As an economist, Schmoller was interested not only in the market but also in the “social question,” and although he was not considered “left-wing” at all, he – like several other economists – was given the ironic nickname of Kathedersozialist (variously translated as socialist of the chair, academic socialist or armchair sociologist). By working towards social justice between different classes he wanted to prevent an upcoming socialist revolution. Schmoller became known in sociological circles as a counterpart to Max Weber. In the Verein für Socialpolitik (Association for Social Policy), founded in 1872 in Eisenach – which by coincidence is Marian’s hometown – Schmoller played a central role. He embodied the opposing position to Weber, who in his essay on “The “Objectivity” of Knowledge in Social Science and Social Policy” (published in German in 1904) had demanded that – while not assuming their complete neutrality – scholars should withhold their “value judgments” (Werturteile), their own political orientations, and their convictions over the course of the empirical research process. Schmoller, on the other hand, identified the “common good” as an “objective value judgment.”

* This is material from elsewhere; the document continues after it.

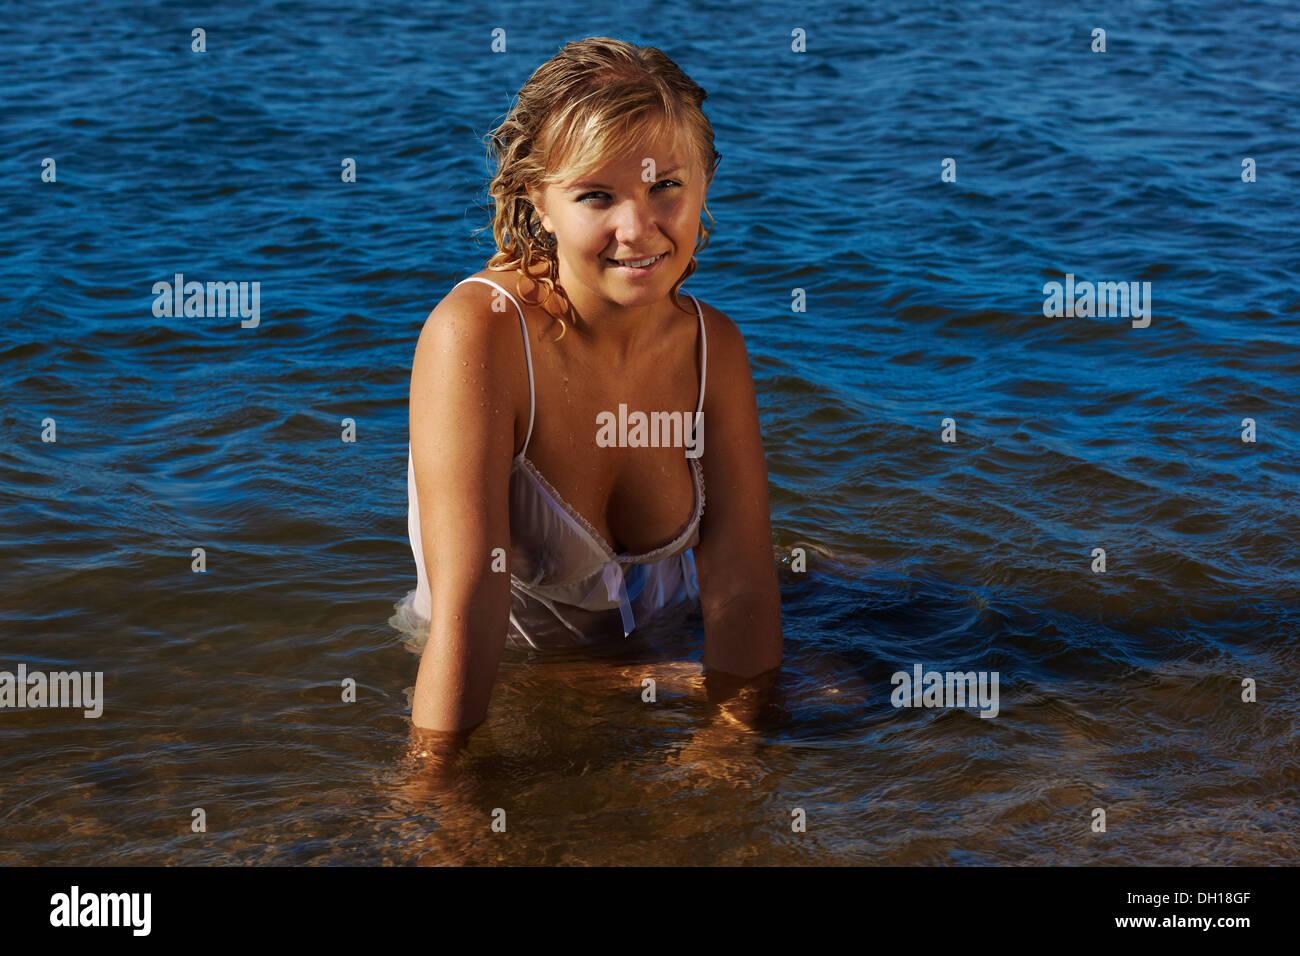 undies water woman stock photos & undies water woman stock images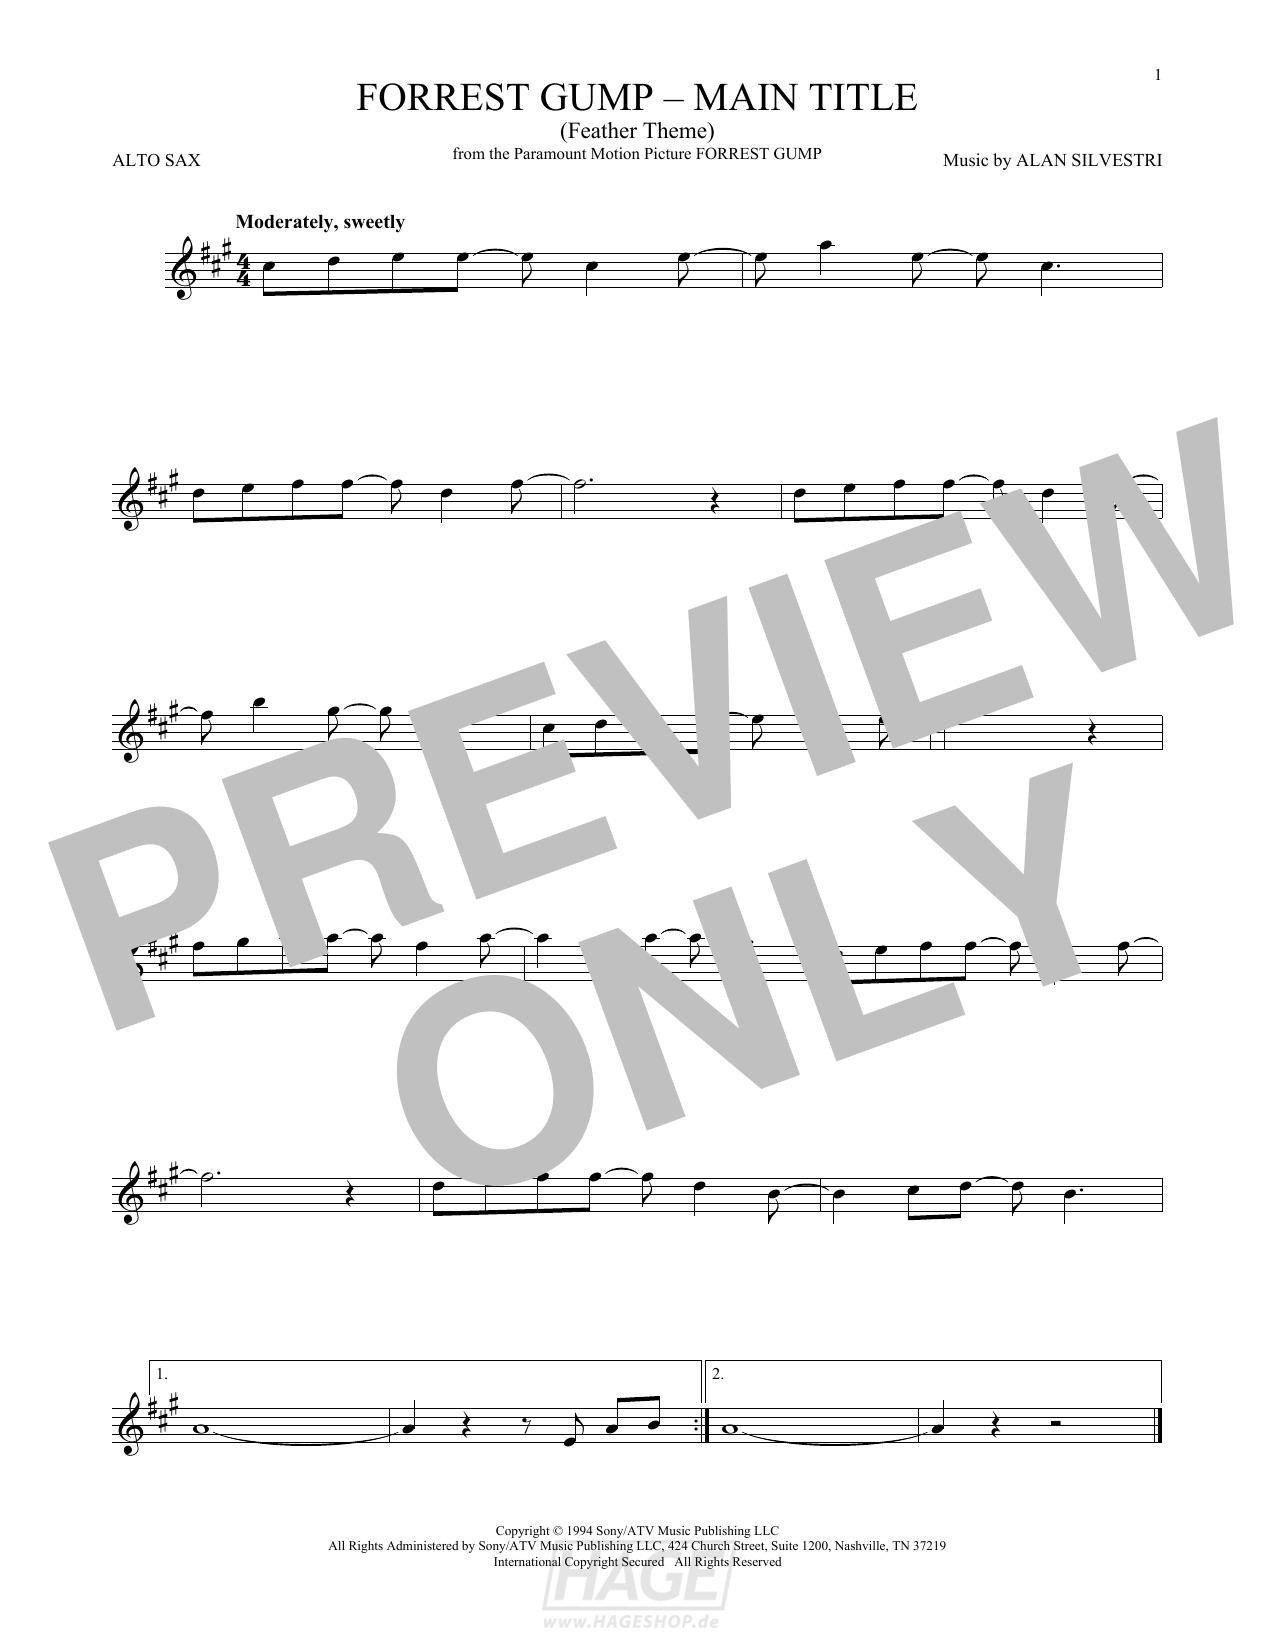 Forrest Gump - Main Title (Feather Theme) - Alan Silvestri - Noten Druckvorschau

Schmoller’s broadly positive attitude toward the German colonial project was fully in line with these positions. He argued that colonialism was essential for Germany’s emergence as a political and economic great power. At the same time, he adopted a comparatively liberal or moderate stance toward colonized populations, whom he believed could be “civilized.” For instance, he advocated “native farming” and “native small businesses” instead of plantation-based economies, seeing these as tools for educating the “natives,” integrating them – at least potentially – into a capitalist world economy, and improving their conditions. In Berlin, he was also among the later founders of the Kolonialpolitisches Aktionskomité (Colonial-Political Action Committee) in 1906 (Grimmer-Solem, 2007). As a respected and widely known public intellectual, he thus helped mobilize broad German public support for the colonial project.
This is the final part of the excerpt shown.